#### [Source records]
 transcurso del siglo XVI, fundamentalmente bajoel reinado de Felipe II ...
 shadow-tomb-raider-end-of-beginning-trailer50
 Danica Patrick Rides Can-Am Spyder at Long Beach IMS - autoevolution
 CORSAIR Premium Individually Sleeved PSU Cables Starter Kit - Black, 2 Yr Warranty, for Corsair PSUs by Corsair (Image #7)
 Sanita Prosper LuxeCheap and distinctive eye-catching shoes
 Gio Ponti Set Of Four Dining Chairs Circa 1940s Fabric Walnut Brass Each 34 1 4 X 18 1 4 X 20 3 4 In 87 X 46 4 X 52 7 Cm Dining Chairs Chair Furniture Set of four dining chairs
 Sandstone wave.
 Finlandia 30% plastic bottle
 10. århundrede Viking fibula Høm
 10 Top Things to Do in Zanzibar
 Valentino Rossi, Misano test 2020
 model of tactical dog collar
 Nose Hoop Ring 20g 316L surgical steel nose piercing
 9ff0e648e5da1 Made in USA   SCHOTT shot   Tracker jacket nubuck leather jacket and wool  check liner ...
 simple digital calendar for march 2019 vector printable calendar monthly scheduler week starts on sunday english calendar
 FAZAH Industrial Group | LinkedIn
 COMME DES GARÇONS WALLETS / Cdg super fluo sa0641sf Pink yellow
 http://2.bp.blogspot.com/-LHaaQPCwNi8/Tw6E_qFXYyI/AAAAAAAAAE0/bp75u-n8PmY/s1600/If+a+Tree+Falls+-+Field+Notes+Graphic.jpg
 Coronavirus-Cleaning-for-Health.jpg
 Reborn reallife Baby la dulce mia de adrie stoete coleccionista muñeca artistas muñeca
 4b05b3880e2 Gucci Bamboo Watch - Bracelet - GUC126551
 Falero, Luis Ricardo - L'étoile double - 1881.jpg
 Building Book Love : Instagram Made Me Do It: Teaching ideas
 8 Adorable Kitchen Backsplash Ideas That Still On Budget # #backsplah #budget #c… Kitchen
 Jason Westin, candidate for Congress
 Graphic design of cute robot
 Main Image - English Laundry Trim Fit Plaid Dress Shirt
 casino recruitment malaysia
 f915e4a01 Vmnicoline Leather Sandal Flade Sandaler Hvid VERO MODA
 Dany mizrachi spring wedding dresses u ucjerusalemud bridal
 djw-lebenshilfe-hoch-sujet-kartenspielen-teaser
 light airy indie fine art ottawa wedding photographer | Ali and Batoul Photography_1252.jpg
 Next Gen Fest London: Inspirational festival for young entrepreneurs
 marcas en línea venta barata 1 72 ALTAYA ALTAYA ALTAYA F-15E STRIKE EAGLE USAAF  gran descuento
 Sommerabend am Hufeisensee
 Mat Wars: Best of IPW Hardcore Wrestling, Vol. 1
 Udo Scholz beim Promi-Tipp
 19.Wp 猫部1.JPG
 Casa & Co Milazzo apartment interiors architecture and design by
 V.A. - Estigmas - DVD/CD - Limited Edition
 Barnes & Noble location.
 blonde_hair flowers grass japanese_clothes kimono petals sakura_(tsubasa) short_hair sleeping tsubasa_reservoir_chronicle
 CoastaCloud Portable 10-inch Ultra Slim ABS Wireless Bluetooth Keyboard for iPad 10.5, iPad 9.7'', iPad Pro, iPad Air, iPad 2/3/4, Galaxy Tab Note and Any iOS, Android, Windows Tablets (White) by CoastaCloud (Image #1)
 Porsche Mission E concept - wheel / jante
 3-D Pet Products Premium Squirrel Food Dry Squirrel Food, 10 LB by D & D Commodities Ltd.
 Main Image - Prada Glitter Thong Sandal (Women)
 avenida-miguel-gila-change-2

#### [Activity]
Which lines of the records above contain the word "Sandal"? Copy each of them.

#### [Answer to this exercise]
 f915e4a01 Vmnicoline Leather Sandal Flade Sandaler Hvid VERO MODA
 Main Image - Prada Glitter Thong Sandal (Women)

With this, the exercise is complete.